1900-1904


In 1900 a block of houses had been built in Vicarage Road, Lye, next to the church schools - Infants, Boys and Girls. My parents and four sisters moved into one of these from further up the same street. There were eight in the block each with its own entrance and separated by a wall running upward for the length of the garden; and each with their own privvy at the top with a two seater bench inside.

I was born on the 18th of September in the year of 1904, the last of our family for my mother was by then thirty eight years of age and my father was forty two. He had started out in his early life as a clay miner as I gathered from some of his recollections but he had for some time attended the School of Art which used to be held in the old music rooms at Stourbridge in his early years, and he was on friendly terms with another his age named Frank Short who later became the famous engraver and Royal Academician. Dad's uncle, Henry Pardoe, who lived in one of the three old cottages in the High Street opposite the Parish church, had a camera of some kind which gave my father his first insight into photography. Uncle Henry was always "messing and bodging" about with his camera taking pictures and making his own wooden "dark slides" etc. Father did the same and from about 1880 could "take pictures himself" and must have augmented his meagre earnings in this way.


Myra Pardoe with Bill

It was undoubtedly a hard life with four small children to provide for (I was not then born) but by the time he moved into No.6 Vicarage Road he was able to build a small studio with a few pounds left to him by Uncle Henry. He had given up his clay mining, much to the dismay of all the family's relatives who said he would not have a "Saturday Night" again giving up his job for that "sauny trade". Mother was wont to reassure them that every night was a Saturday night for her.

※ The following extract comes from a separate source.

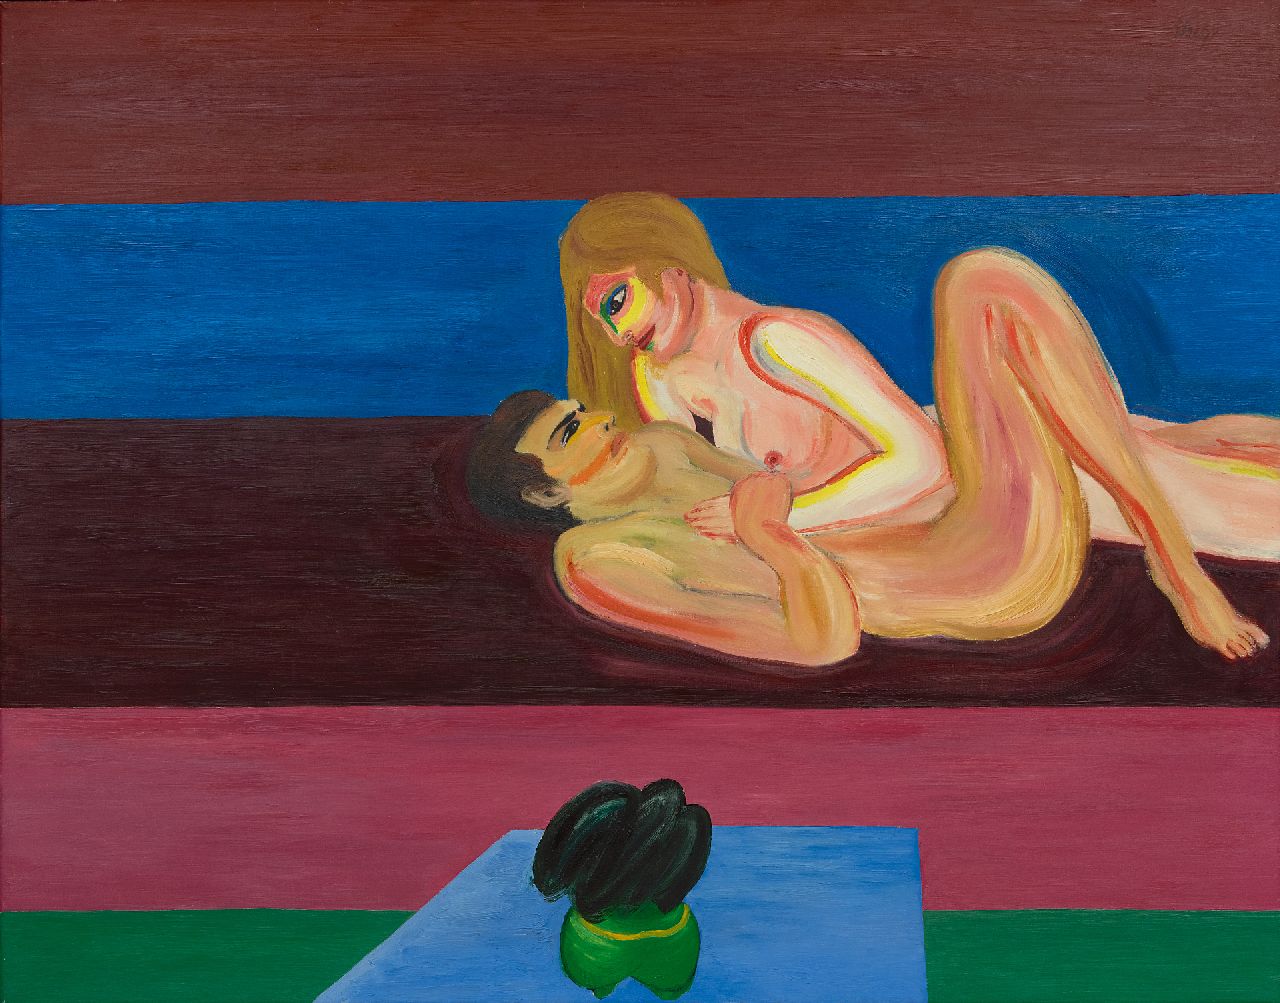 Yvan Theys | Liefdesscène in abstracte ruimte, olieverf op doek, 118,0 x 146,1 cm, gesigneerd r.b. en op spieraam gedateerd 1975
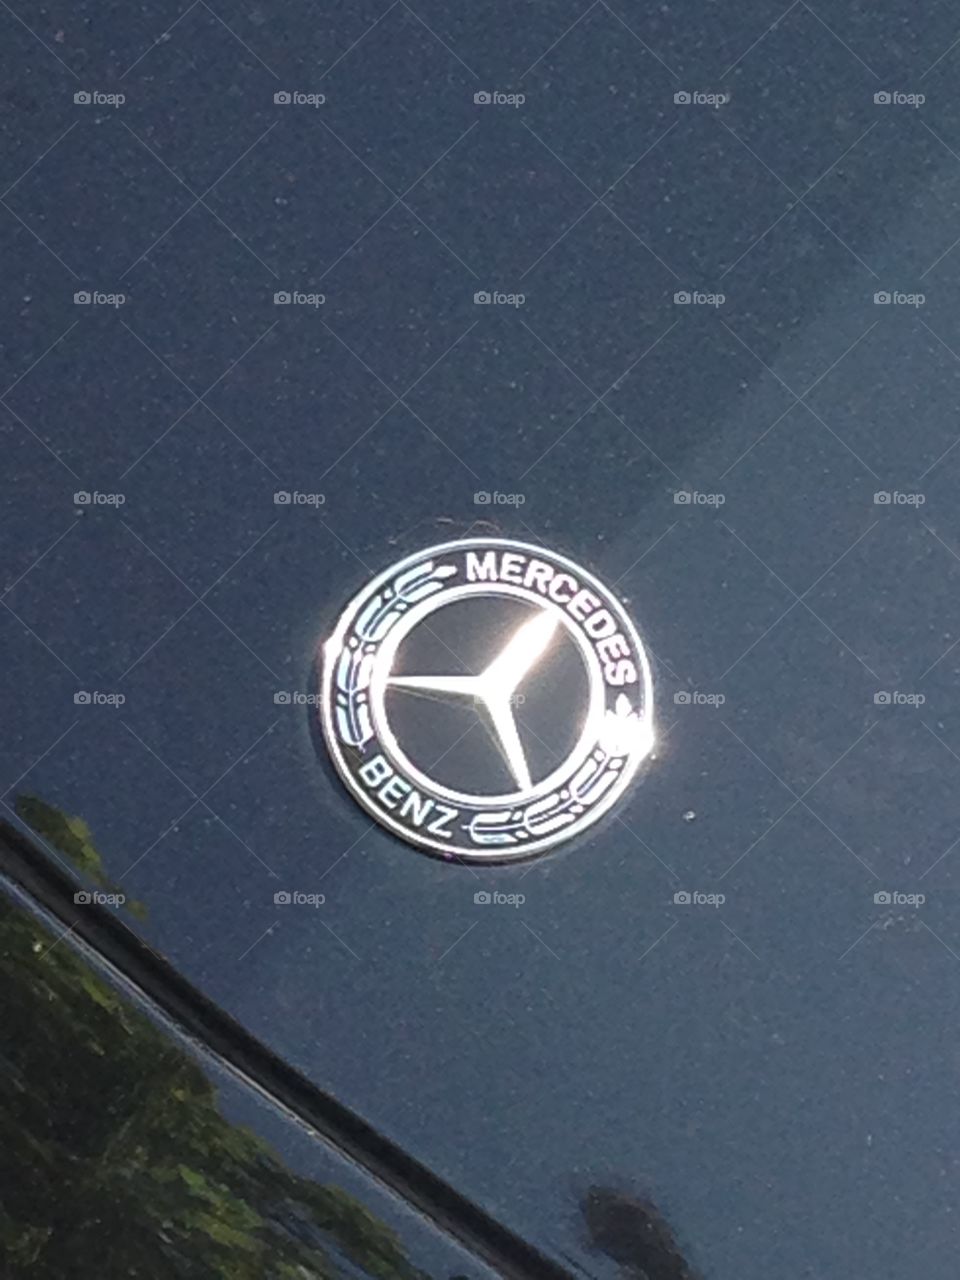 Gleaming Mercedes Benz hood ornament

6 Vicarage Road, Lye in 2008

As far as memory serves me his studio was a shed about twelve feet wide and twenty feet long with a lot of windows on one side, oil cloth on the floor and a small darkroom opening out at the back. Dad was a dab hand at painting backgrounds which were all the rage in Victorian times with columns and balustrades rising into a kind of scenic picture and there were always two or three around. Outside, at the back of the darkroom, was a table which on dry days would hold about twenty frames.   Postcards and halfplate and most photographs in those early days were printed out in the daylight on paper known as P.O.P. which was afterwards toned with a gold solution, giving the photograph a pleasing purple-black colour. Most of the work consisted of either Carte de Visite types or halfplate mounted on a card with an elaborate border and name and address on the back. This was his staple work although later, as he progressed, he would go out with a large 12x10 camera and cover a wedding or a bowling club group (of which there were several around) which was a more lucrative job.
Bill in his father's studio about 1910 showing a typical painted background.